The history of mechanical calculators goes back over several hundred years to Blaise Pascal in the 17th century, and over that time they evolved through a series of inventions into surprisingly sophisticated machines that were capable of handling financial complications surprisingly quickly. The Summa was one of the last machines available in great numbers, and even as it was brought to market in the 1960s its manufacturer was also producing one of the first desktop-sized computers. Its price in that 1975 Argos catalogue is hardly cheap but around the same as an electronic equivalent, itself a minor miracle given how many parts it contains and how complex it must have been to manufacture.
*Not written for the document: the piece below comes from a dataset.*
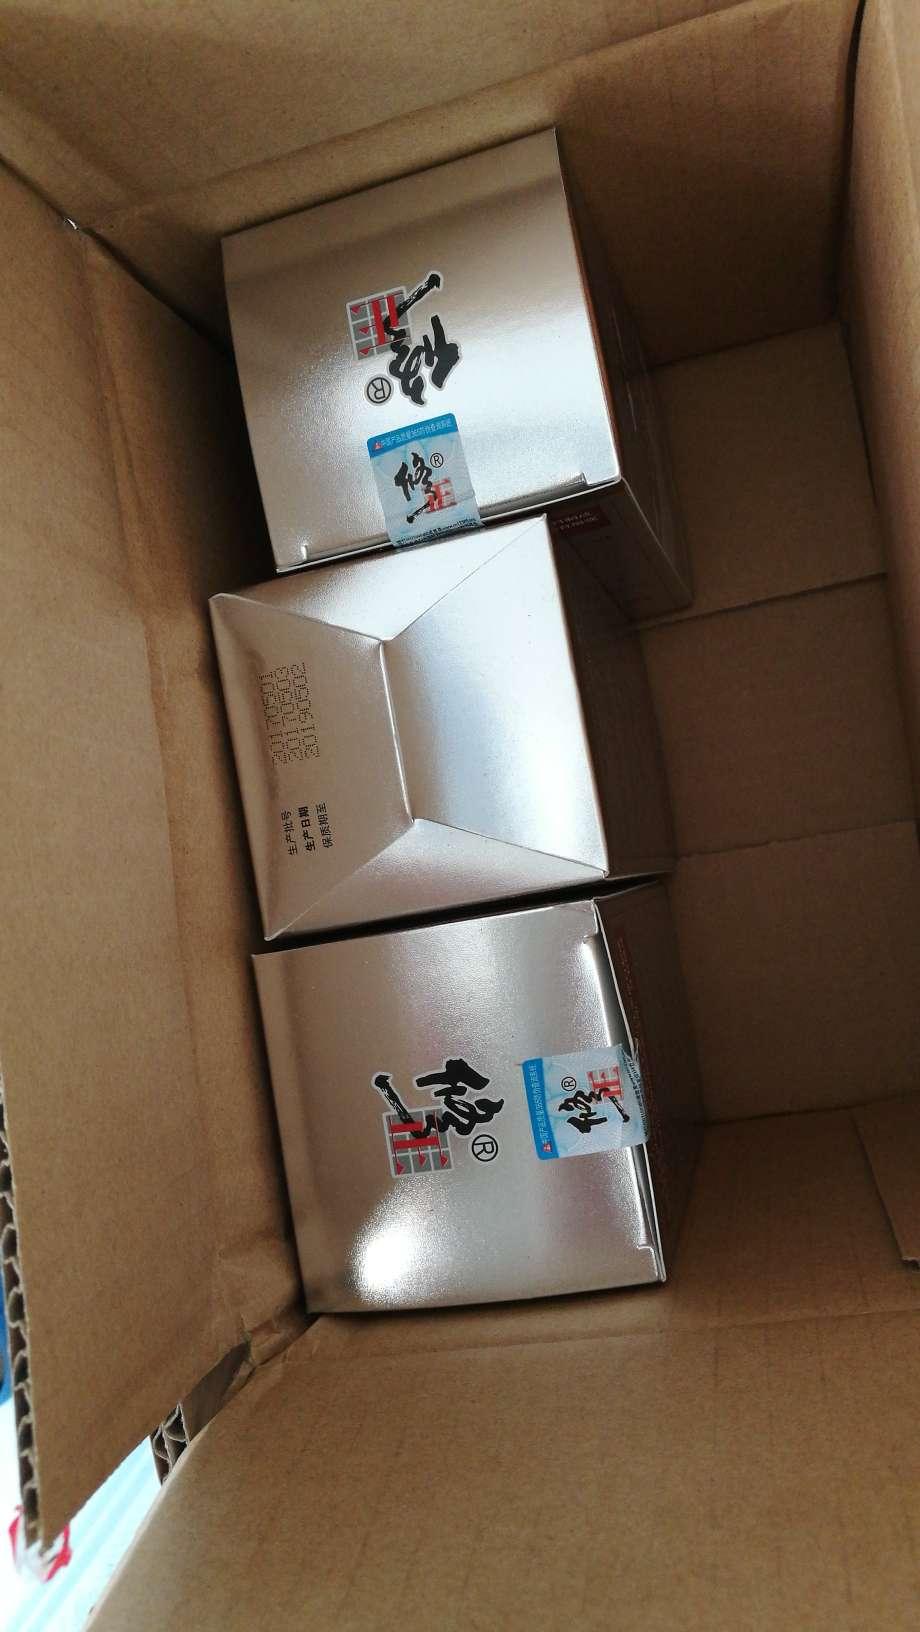 cheap air max mens trainers 00218631 online

We’ve put two Summa Prima videos below the break. T.the first is a contemporary advert for the machine, and the second is a modern introduction to the machine partially narrated by a Brazilian robot, so consider translated subtitles. In that second video you can see something of its internals as the bare mechanism is cranked over for the camera and some of the mechanical complexity of the device becomes very obvious. It might seem odd to pull a obsolete piece of office machinery from a dumpster and hang onto it for three decades, but I’m very glad indeed that a 1980s teenage me did so. You’re probably unlikely to stumble upon one in 2019, but should you do so it’s a device that’s very much worth adding to your collection.